* [HOW TO COMPLETE THIS TASK]: In your copy, include every line of the listing below exactly but none of the pictures.

* [DATASET EXCERPT]:

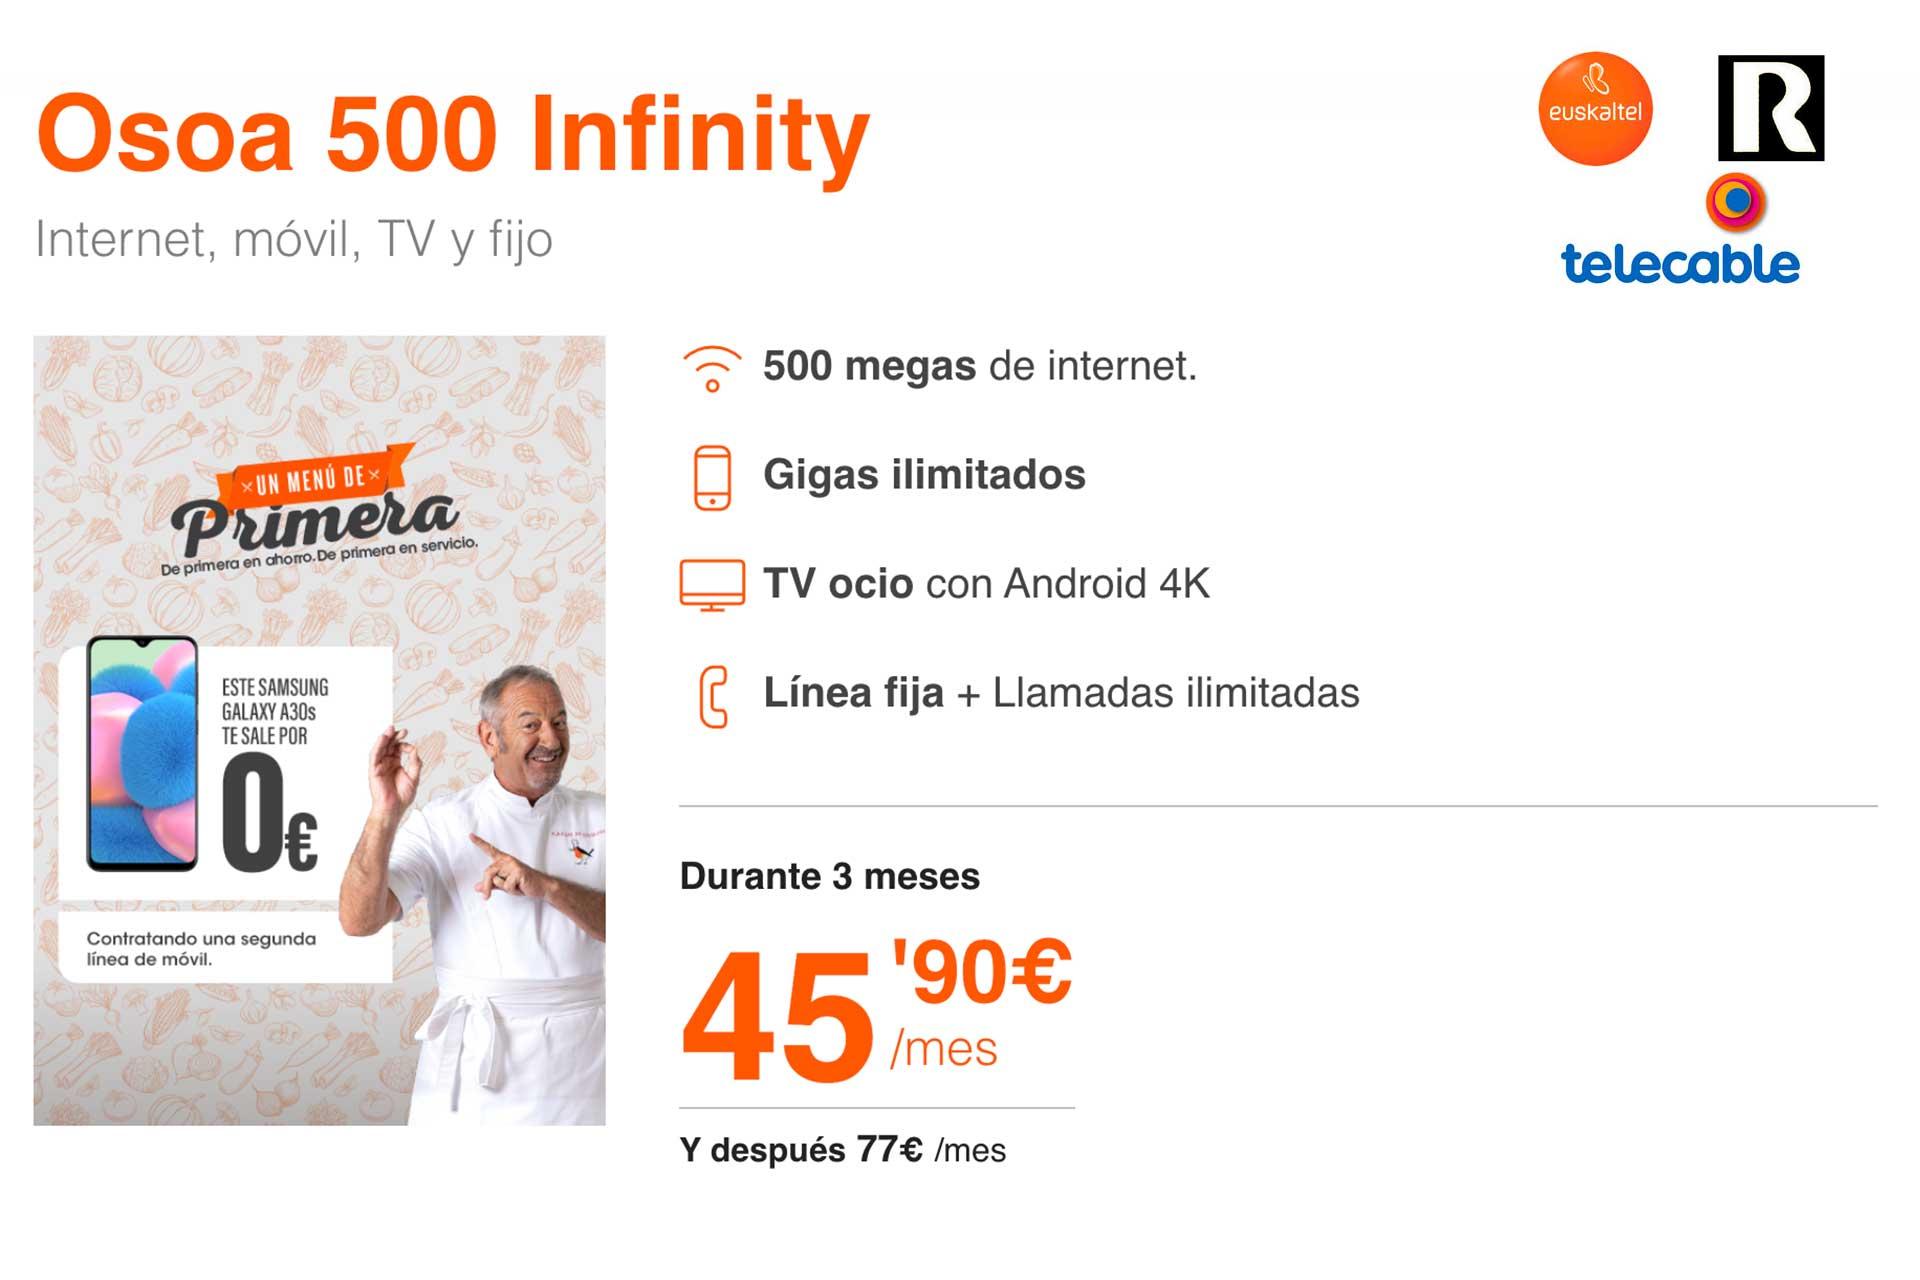 Euskaltel, R y telecable datos ilimitados
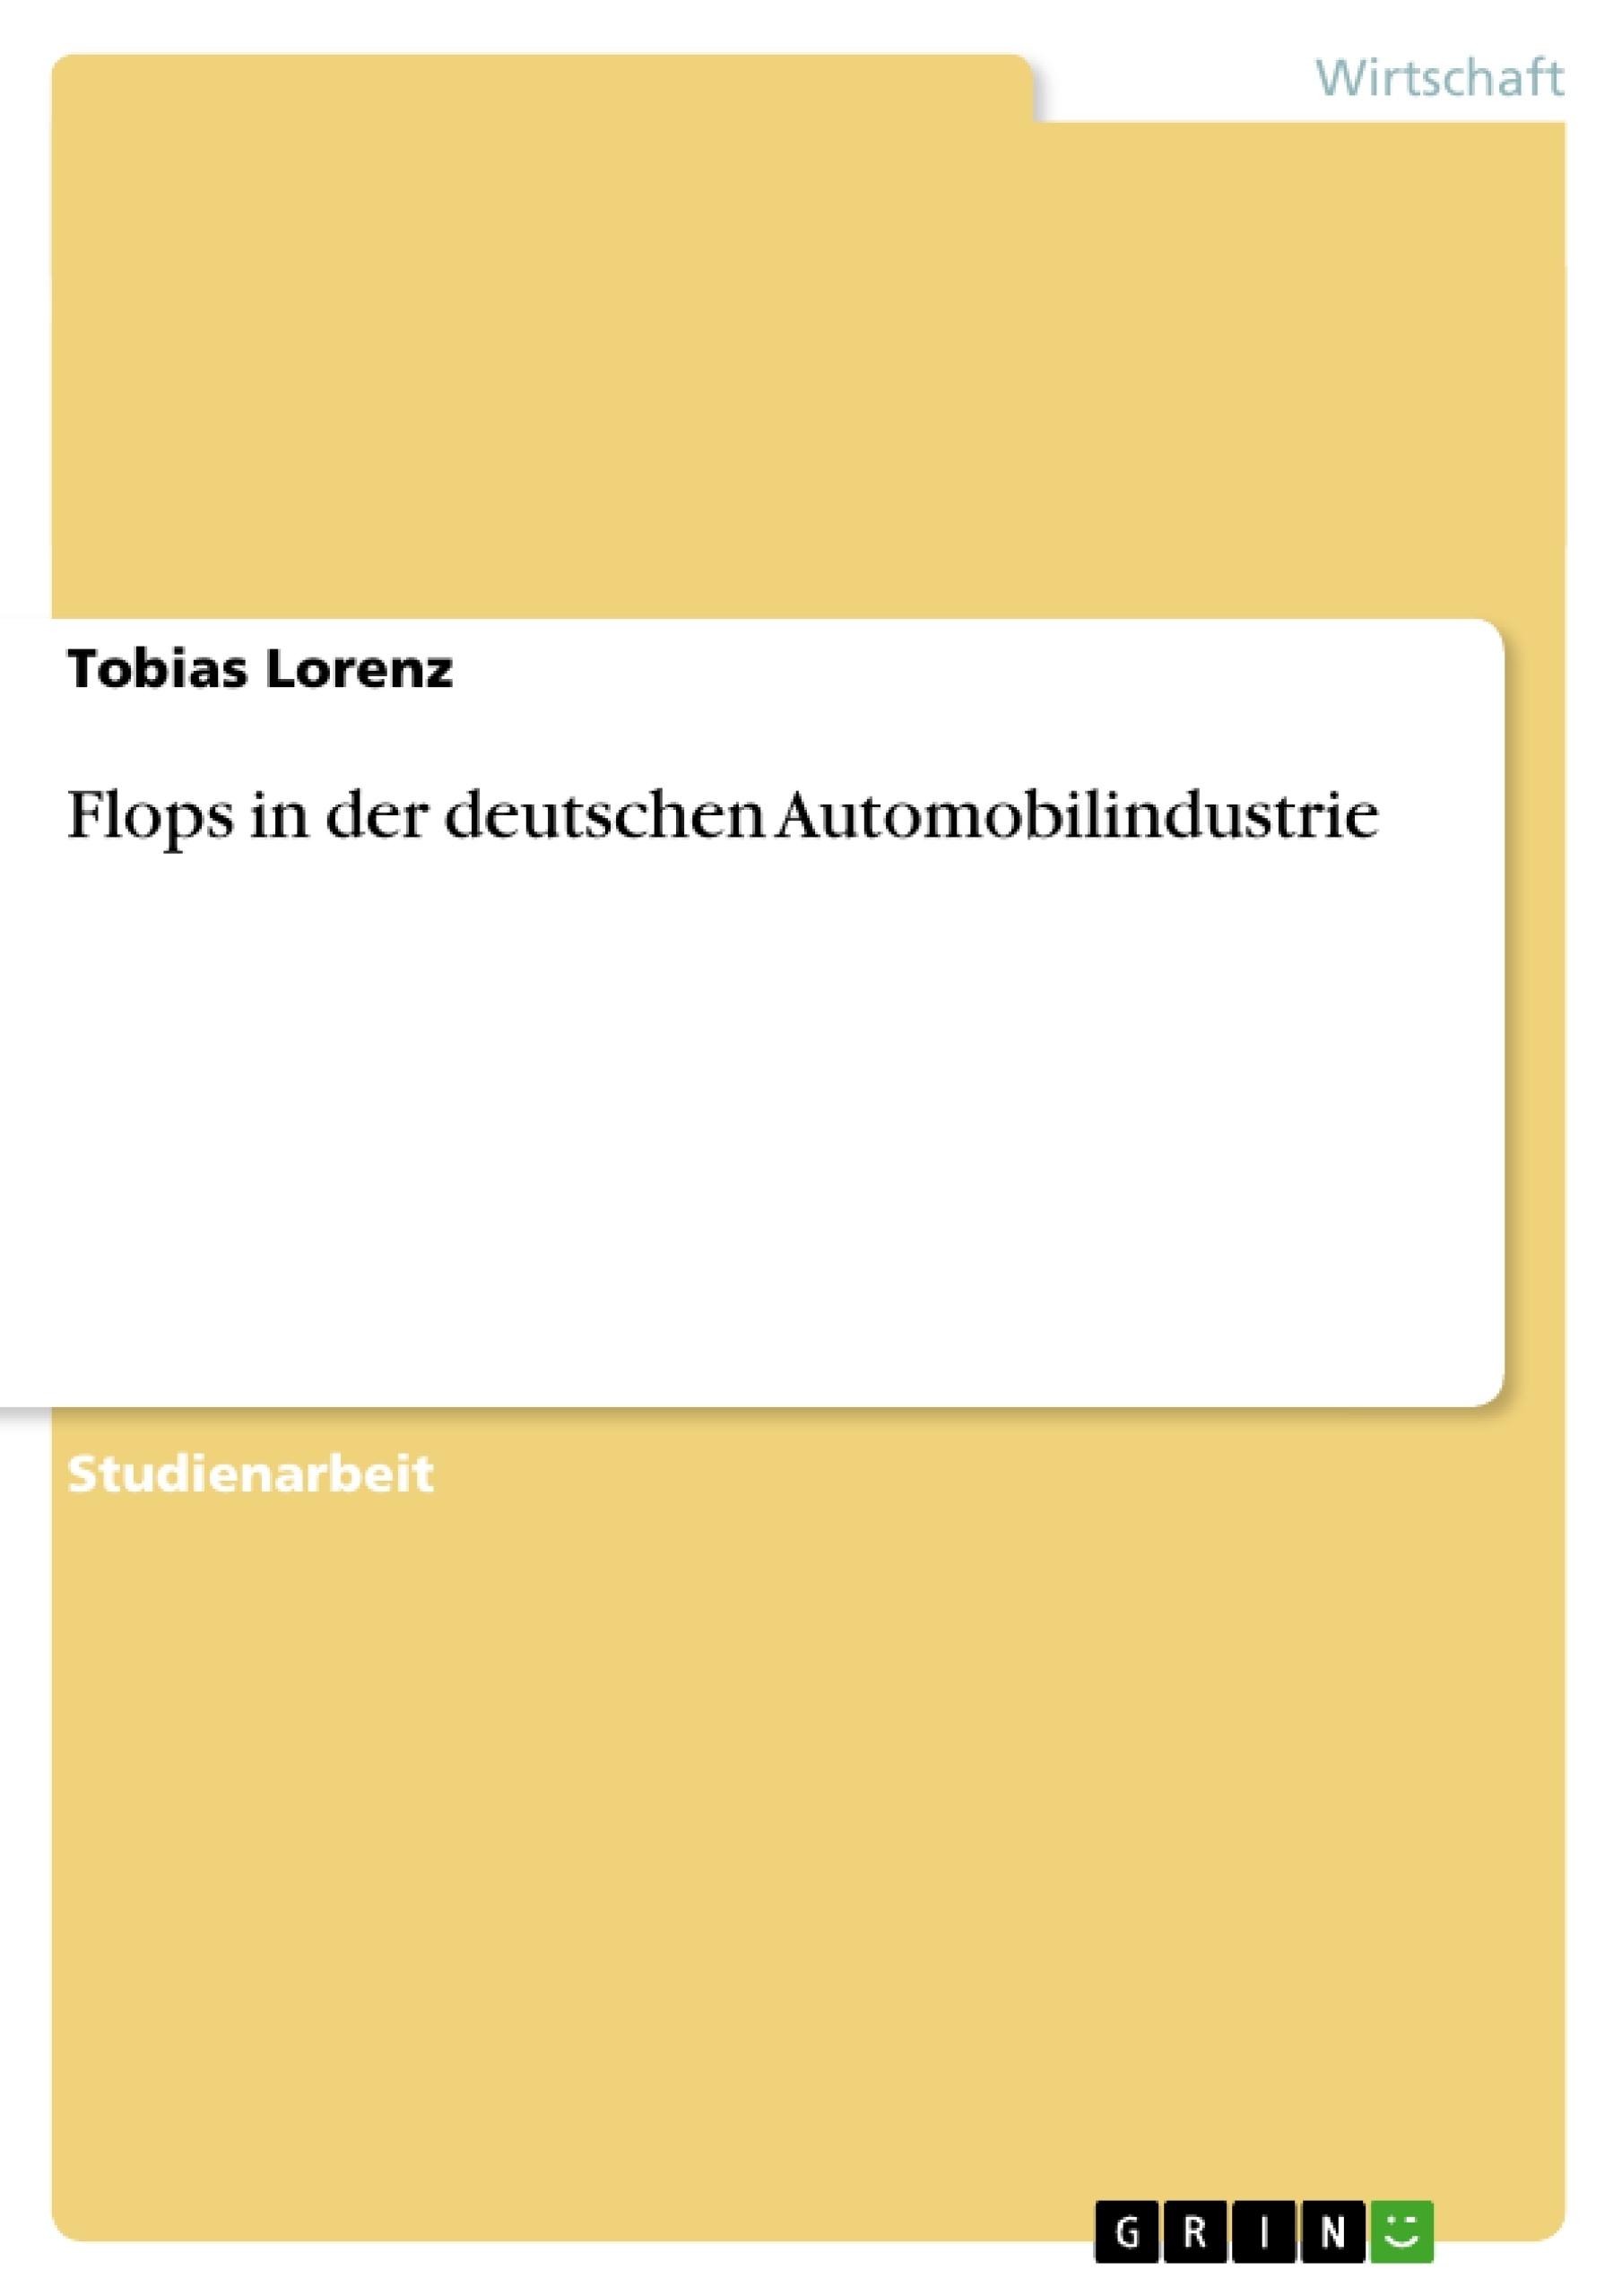 Titel: Flops in der deutschen Automobilindustrie
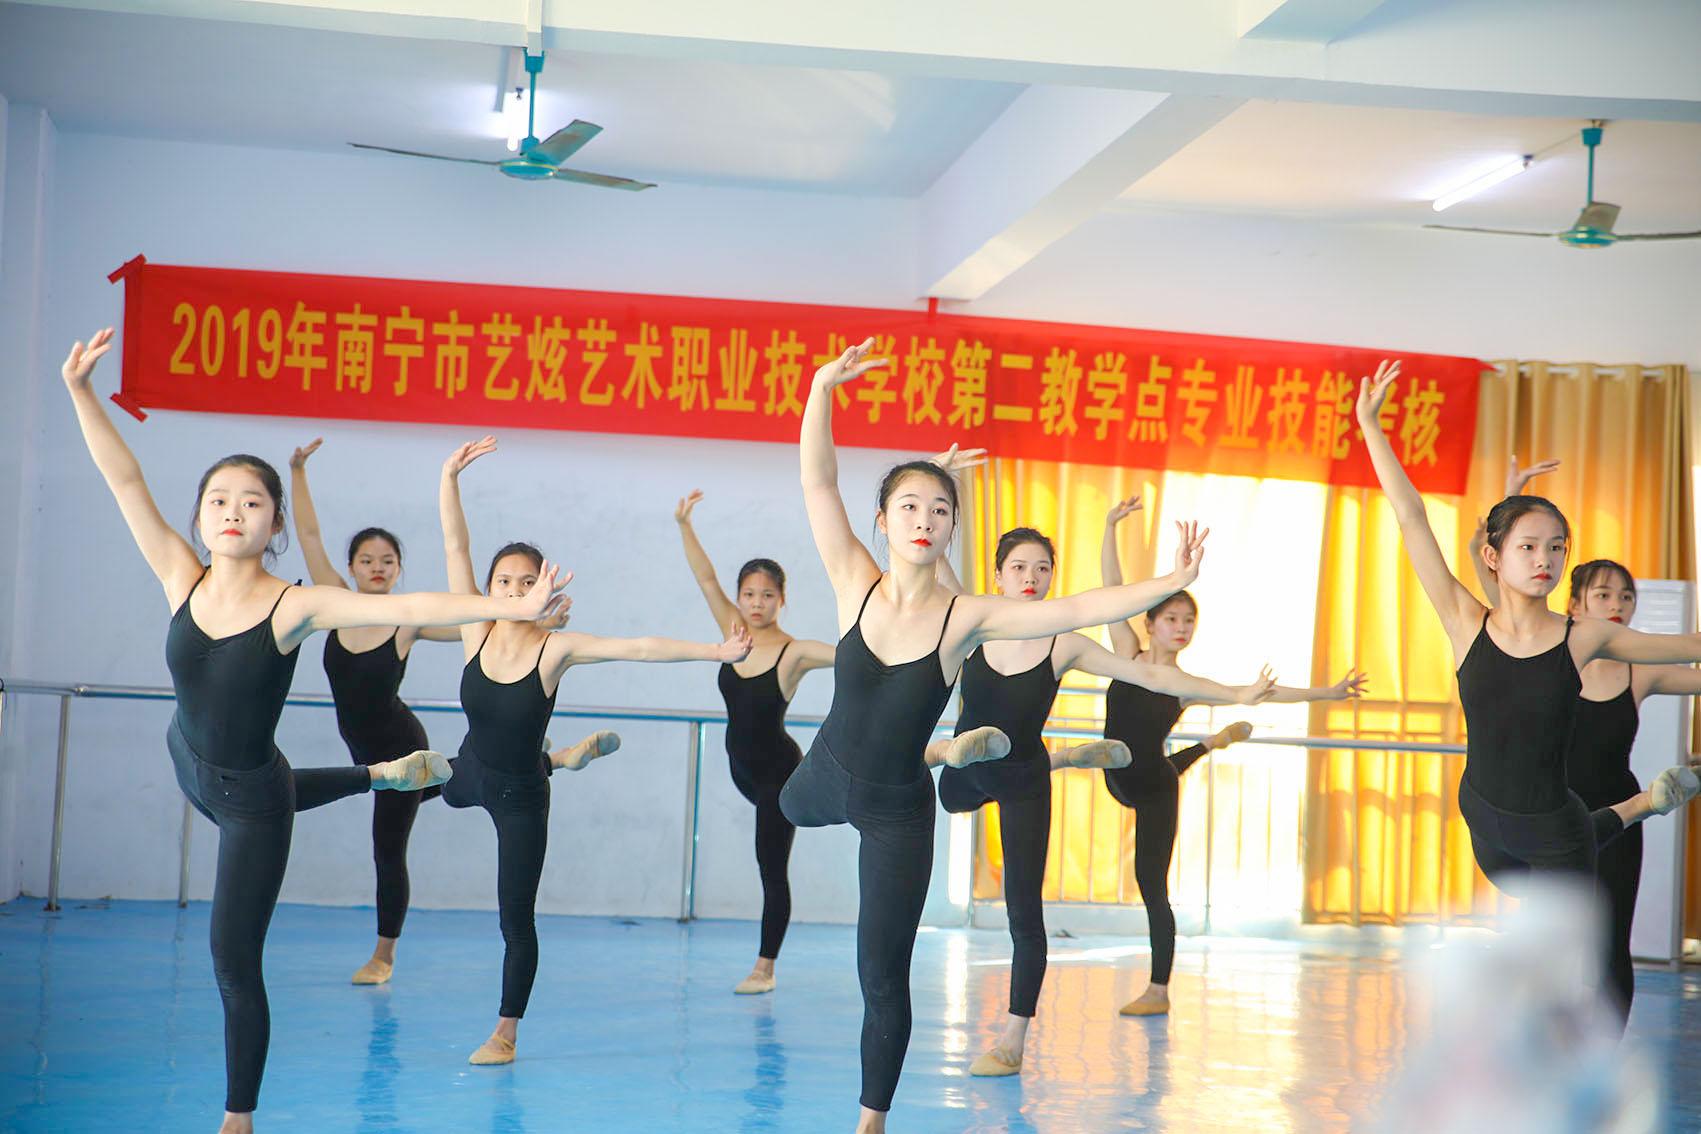 我的舞蹈课 (3).JPG

* [ANSWER BOX]:
 Euskaltel, R y telecable datos ilimitados
 Titel: Flops in der deutschen Automobilindustrie
 我的舞蹈课 (3).JPG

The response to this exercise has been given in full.